During the Seventies Lasker's paintings alluded to elements that the artist found around him: beds, tables, televisions and other items with which he maintained a dialogue by contributions of pop art to the art scene. Artists like Robert Rauschenberg, Jasper Johns, James Rosenquist and Roy Lichtenstein were part of his horizon and largely still present in the rest of his production until this very day. However, from the Eighties Lasker begins to develop a set of personal brands and gestures without clear references. Far from the narrative, the North American creates his own language and articulates a conceptual approach based on preliminary studies. These are an intermediate step in the realisation of his paintings and facilitate the flow of subconscious spontaneity -the same one the Surrealists and Abstract Expressionists put into effect.

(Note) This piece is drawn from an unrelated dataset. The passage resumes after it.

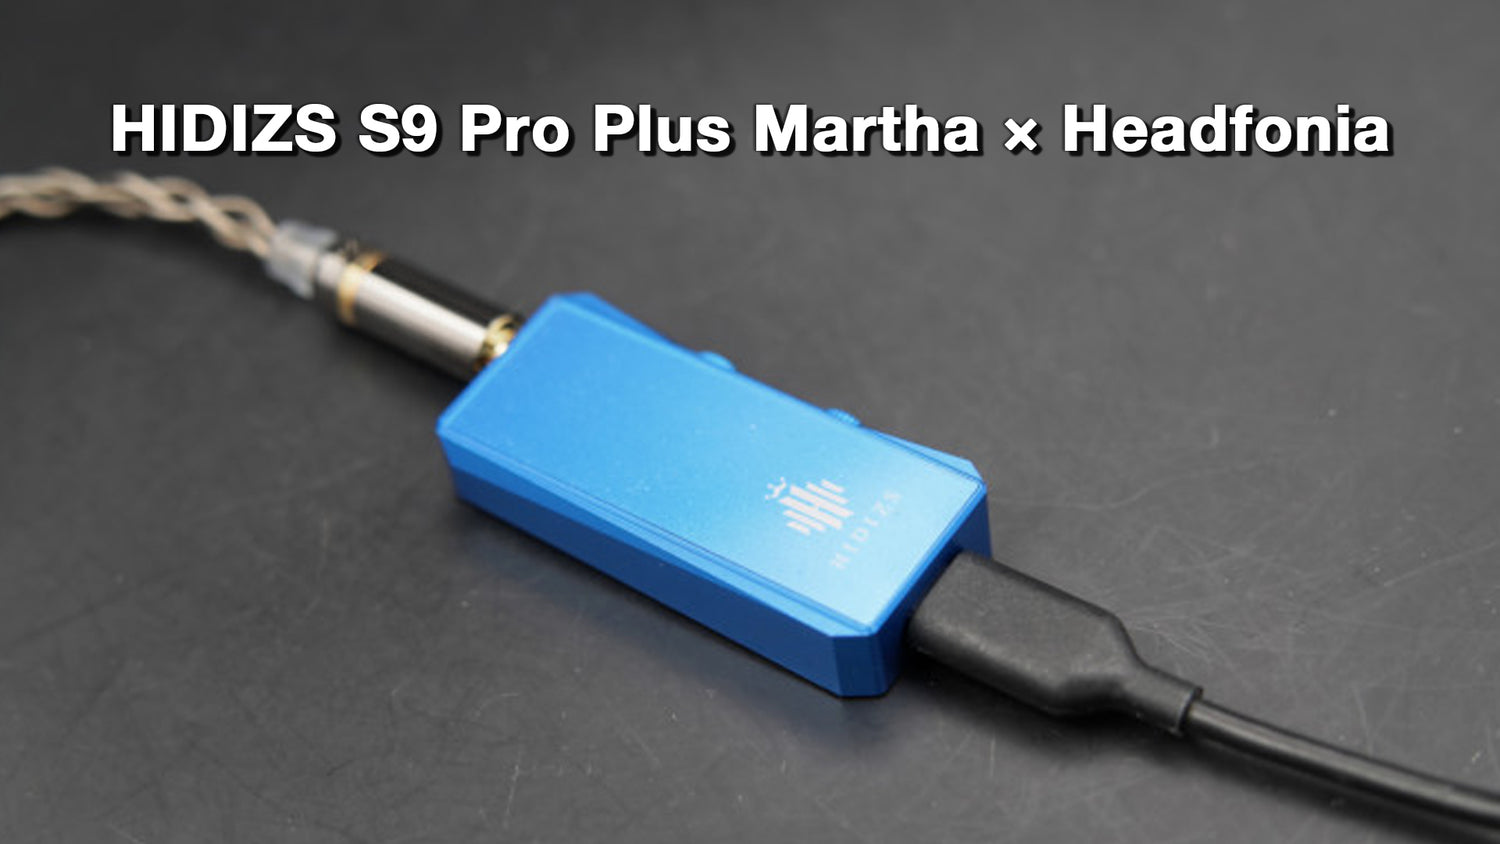 HIDIZS S9 Pro Plus Martha Review - Headfonia

Lasker’s studies are small and articulated pieces where he attempts a certain idea. Once the idea is fixed in one or more previous papers, he moves on to executing it on a large scale. In the process the relationship between the pictorial elements can change: the size or spatial location of some of them, but the initial idea stays the same. The artist can add but not subtract. As a result, the final work is a version of his earlier studies where Lasker has staked his intuitive ability to reach the final forms. The artist wants to overcome the randomness of abstract expressionism, a trend he considers exhausted.
This exhibition is a collection of seventeen drawings, mostly untitled, and nineteen studies that are from the thirty-nine paintings on display, they include: Cultural Promiscuity (1986), The Realm of the Quaint (1988), Ode To A Mutt (1989), Public Love (1990), Nearly Soul (1996), Desirable Stasis (1998) and Natural Culture (2001); all of which are displayed with their studies. For Lasker there are three pillars on which production is developed: figure, background and line. These are the three elements that the artist uses in his deconstruction process of artistic traditions and languages.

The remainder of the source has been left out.